#AlôMarciano: Contatos imediatos

Olá pessoas,
trago hoje mais um relato sobre ufologia. Hoje é o depoimento da Carla Reis.
Acompanhem!!

“Eu era céptica até ter uma experiência. Eu acredito nos Greys, que são seres bons. Aliás tive dois contatos, que depois de 24h da ocorrência, meu corpo doeu todo. Aconteceu das duas vezes. Da primeira vez tiraram liquido da minha medula espinhal e por 3 dias minha coluna doeu. Na hora que fizeram me senti muito bem. Os seres disseram que queriam as enzimas do cérebro, dopamina e seratonina. O mais engraçado é que sempre fui ARH+. Tive um acidente e precisei de transfusão de sangue. Meu corpo recusou sangue A+. Só sobrevivi quando deram sangue negativo.

O segundo contato, os seres disseram algo sobre amígdalas cerebral e óvulos. Eu morava no campo, estava conversando na rua com vizinhos e uma luz forte bateu em nós. Pensamos que fosse um helicóptero, então corremos para dentro de casa. Eu fiquei sem me mexer, a luz enviou fleshes e foi embora. Meus vizinhos então voltaram e disseram que foi um OVNI. Fiquei bem, porém no dia seguinte os meus rins doiam, tive mal estar e não conseguia fazer xixi. Algo estranho. Os Greys são parecidos conosco, mas baixinhos, cm 1,80 no máximo. Eu tinha pavor deles, comprei até uma organita pois disseram que eles não entravam em contato mais. Te seguem por toda sua vida, e sua família também. O toque da pele deles é igual a nossa, as mãos também, sem o último dedo.

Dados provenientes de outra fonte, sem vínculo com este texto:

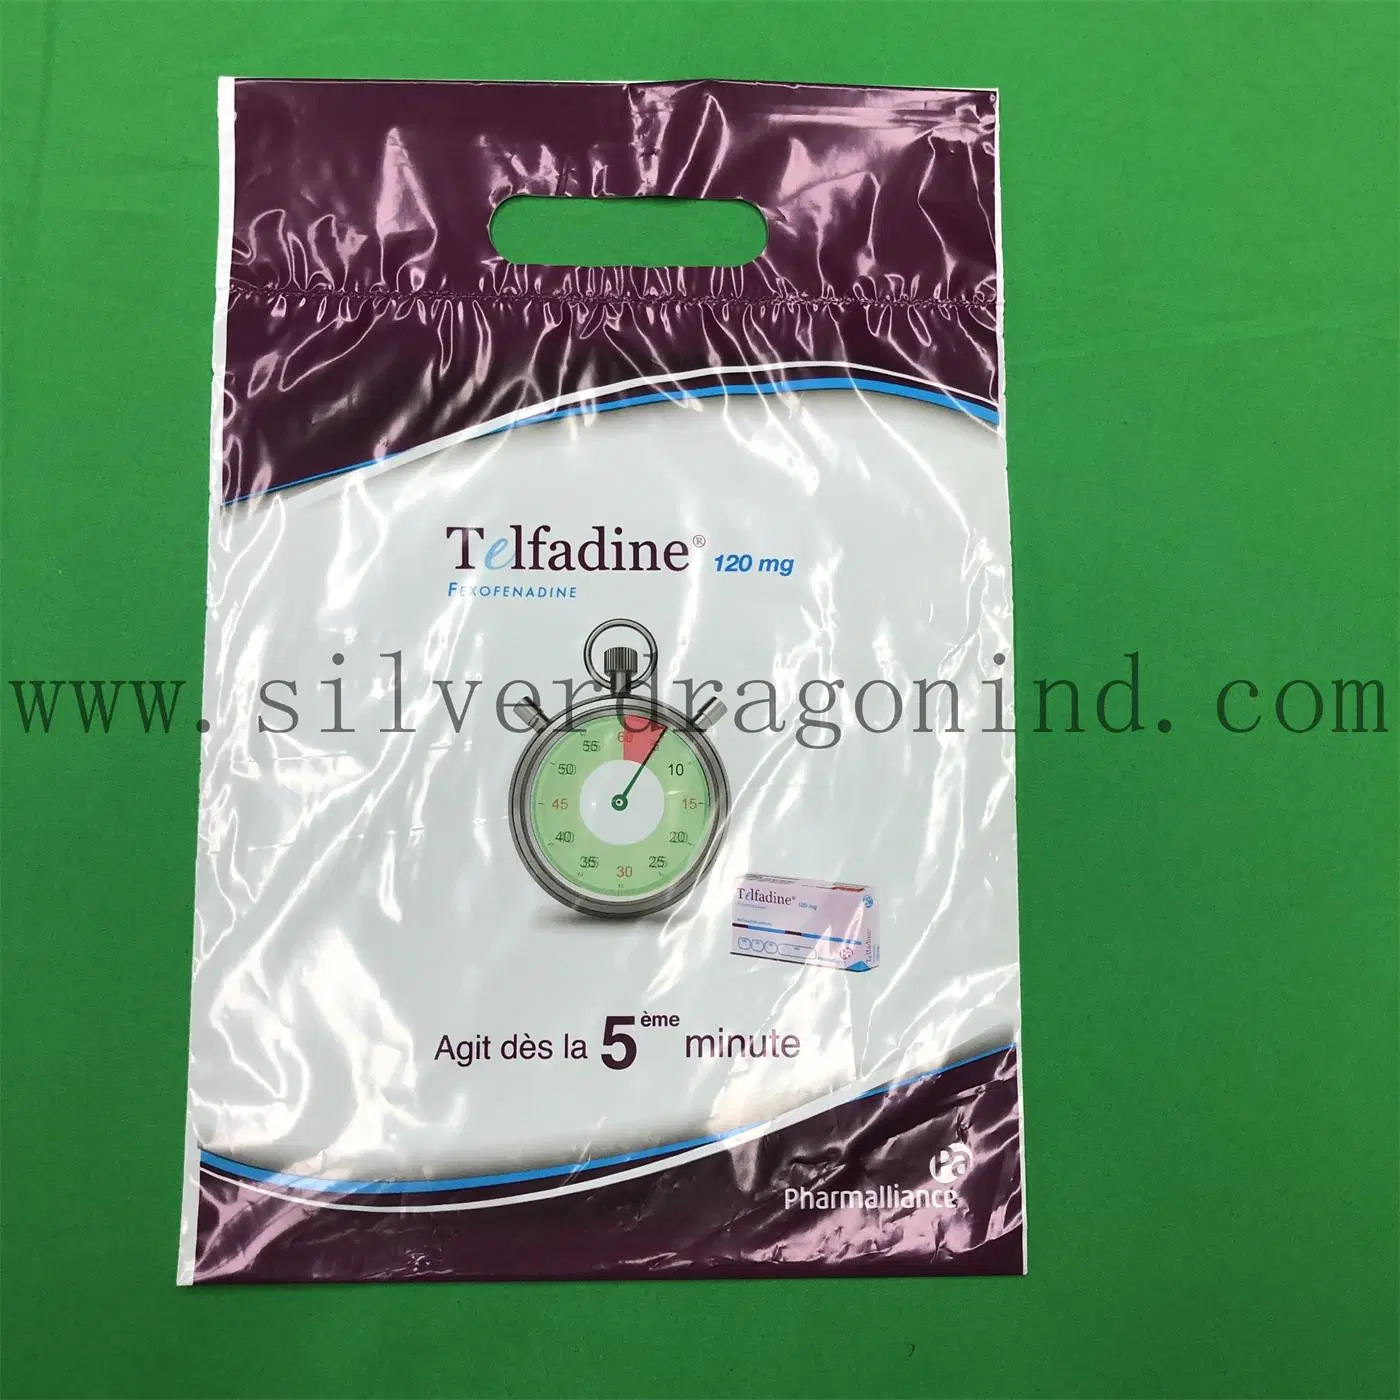 Printed Plastic Gift Bags/Shopping Bags/Grocery Bags with Reinforced Punch Handle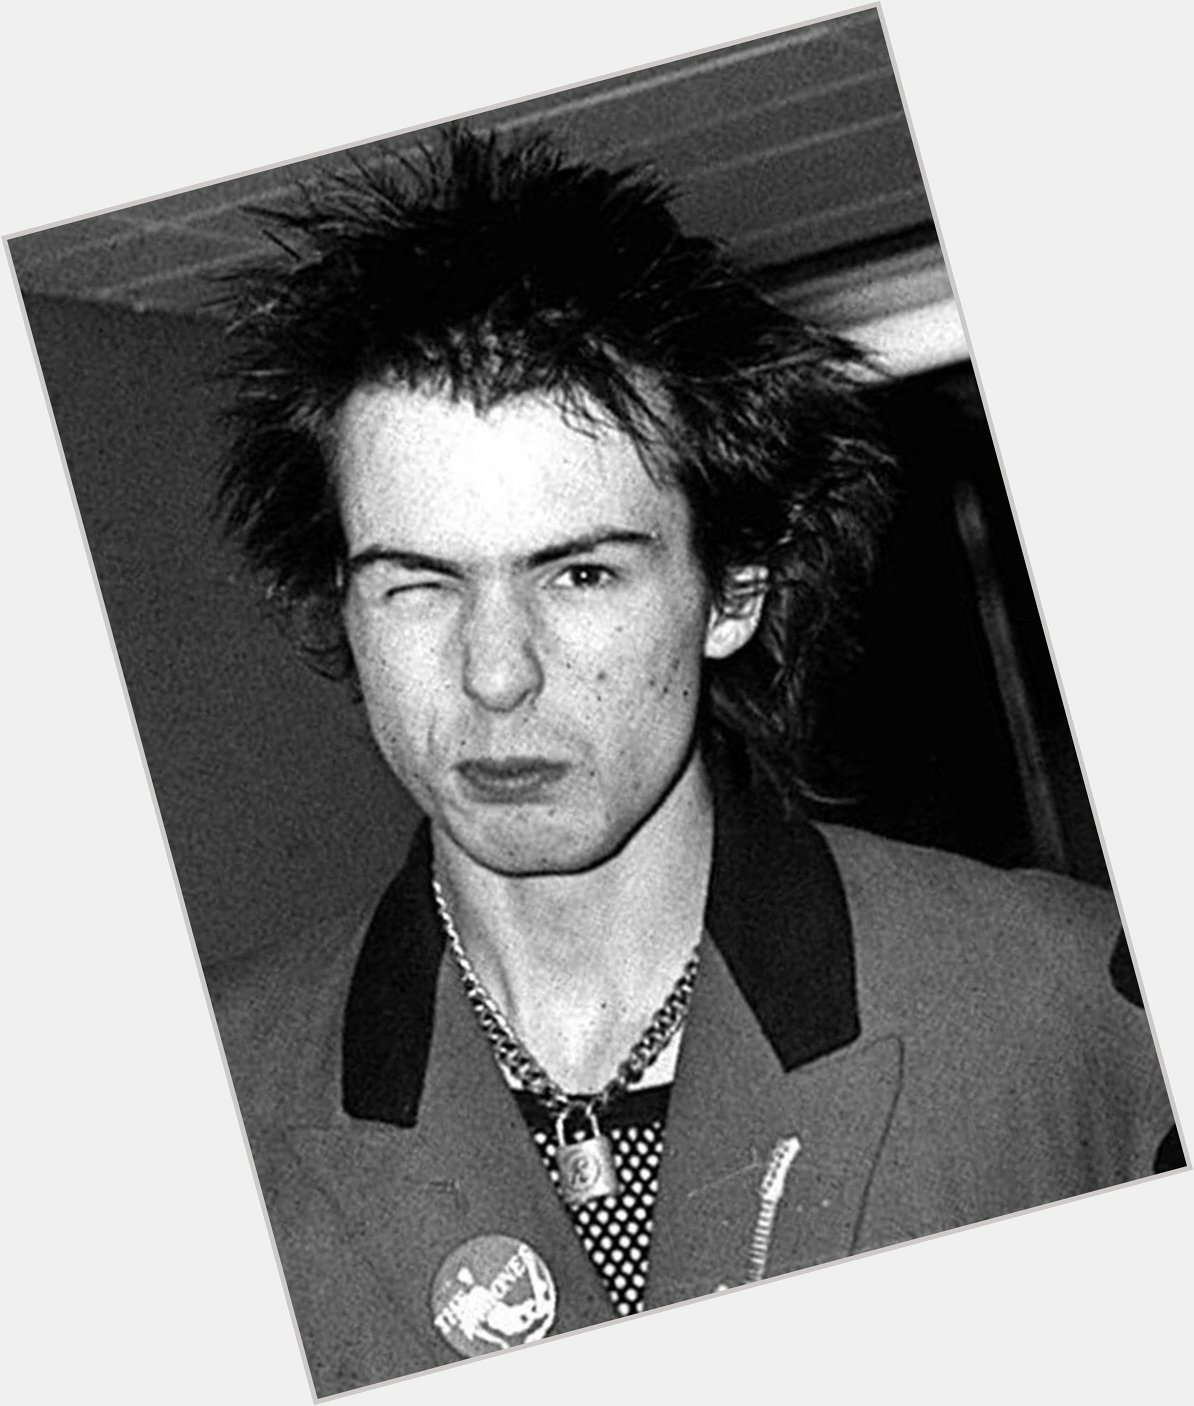 Happy birthday sid vicious I hope you and Nancy have reunited in the afterlife R.I.P 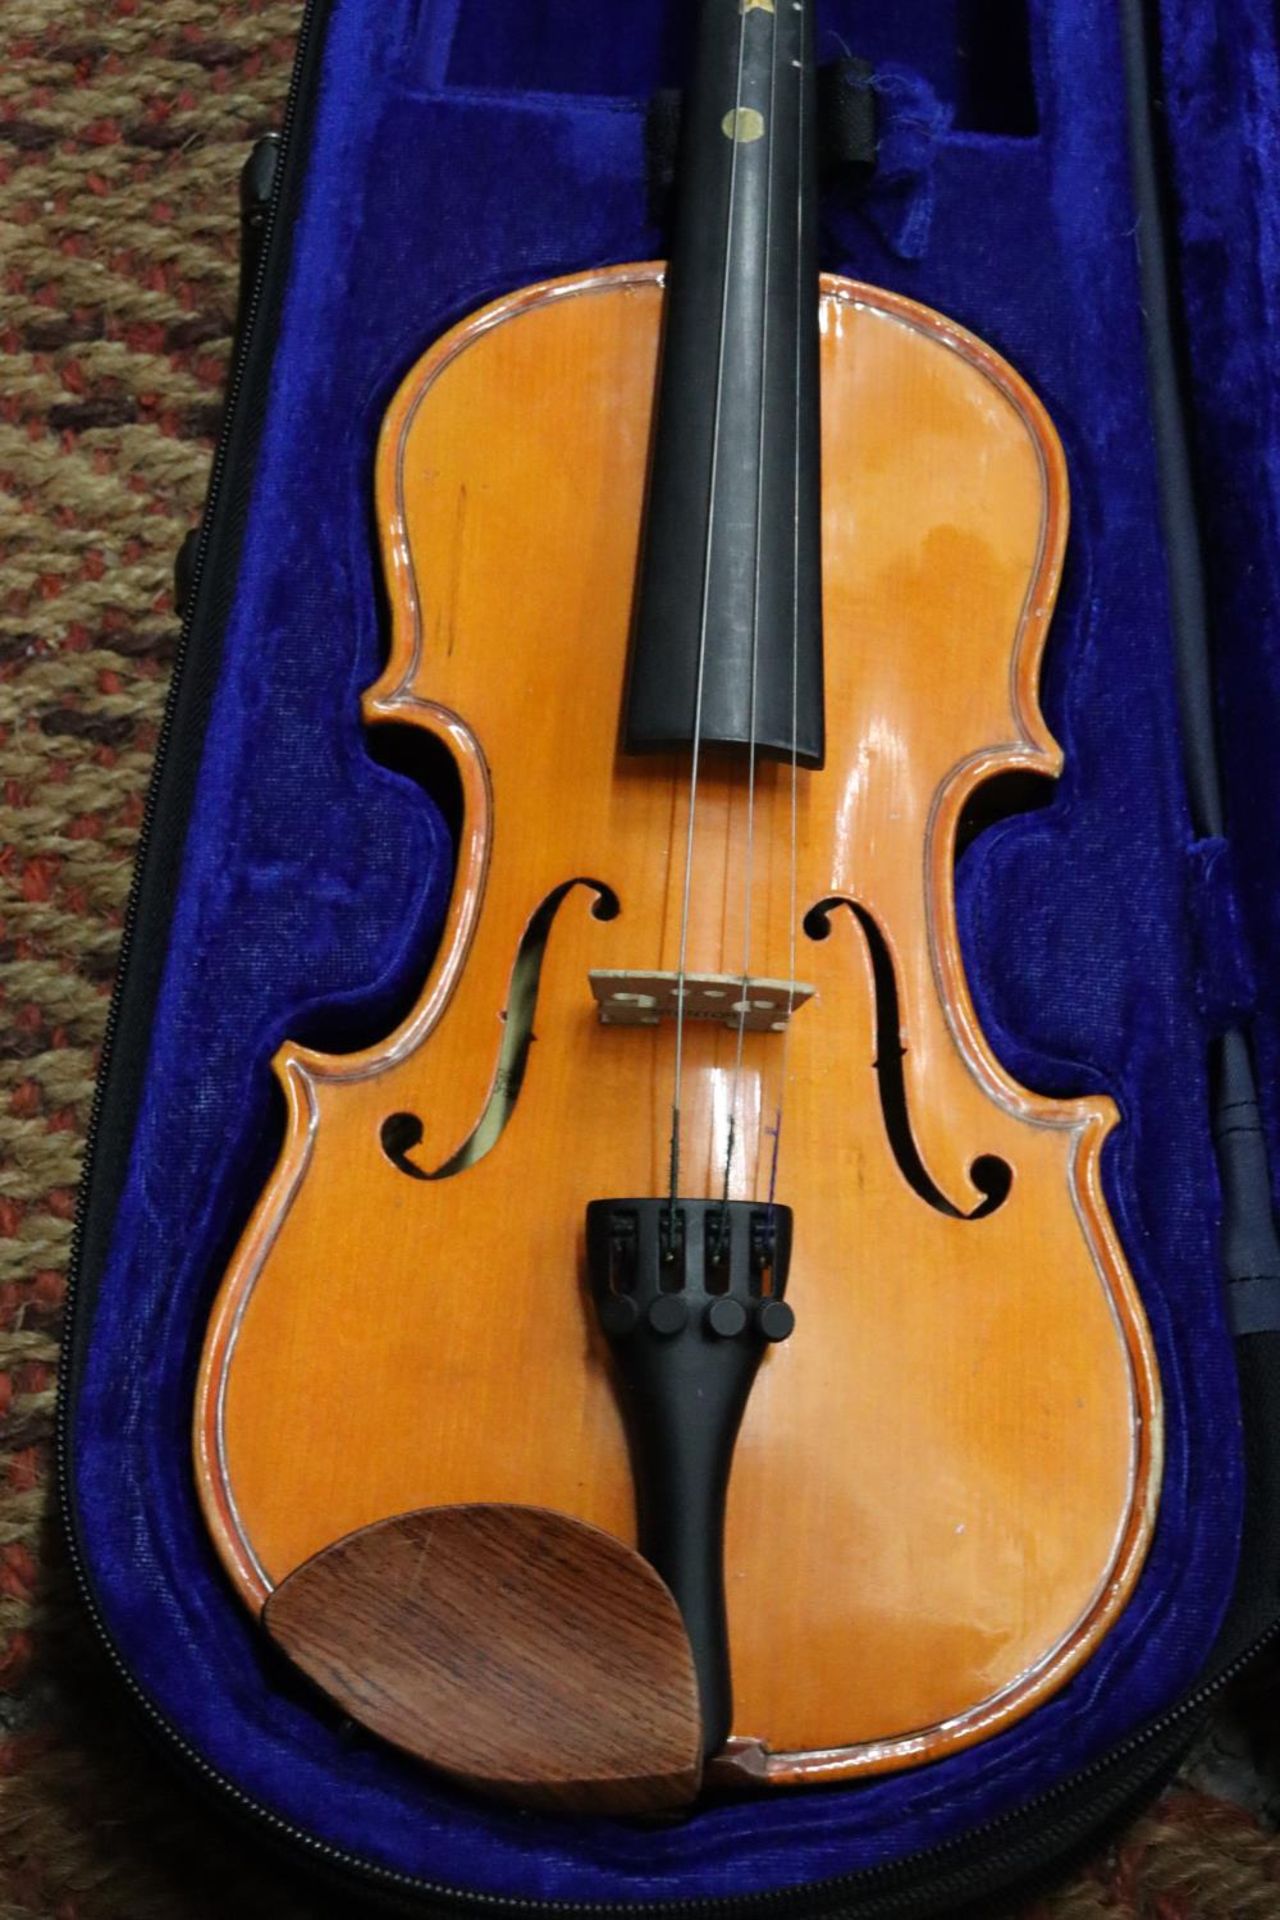 A STENTOR STUDENT 1/4 VIOLIN IN A CASE - Image 3 of 6

Eles falaram que estão recolhendo sementes do universo, pois os planetas têm a existência finita, e que podem dar vida a um planeta inabitável mas leva em torno de 10 anos para que se desenvolva um planeta habitável, e depois mais um tempo para estruturar, criar condições de vida. Primeiro precisam esterilizar o planeta para que não haja mutação genética ou ver se há seres compatíveis para que não morram no processo e sejam adaptáveis.

Aprendi com eles a não ser preconceituosa. Somos todos a mesma semente do universo. Eles deram o exemplo dos passarinhos que são todos parecidos e com cantos diferentes, cores diferentes. E o que nós chamamos de mutações não se chama assim, é apenas denominado como estado evolutivo e o próprio universo faz isso. De tempos em tempos a chamada renovação de espécie. Tudo o que é finito tem o seu ciclo de existência. Eu era muito impulsiva e depois comecei a observar mais, tentar entender as coisas e pessoas. Acho que tive uma mudança comportamental depois de tudo isso.”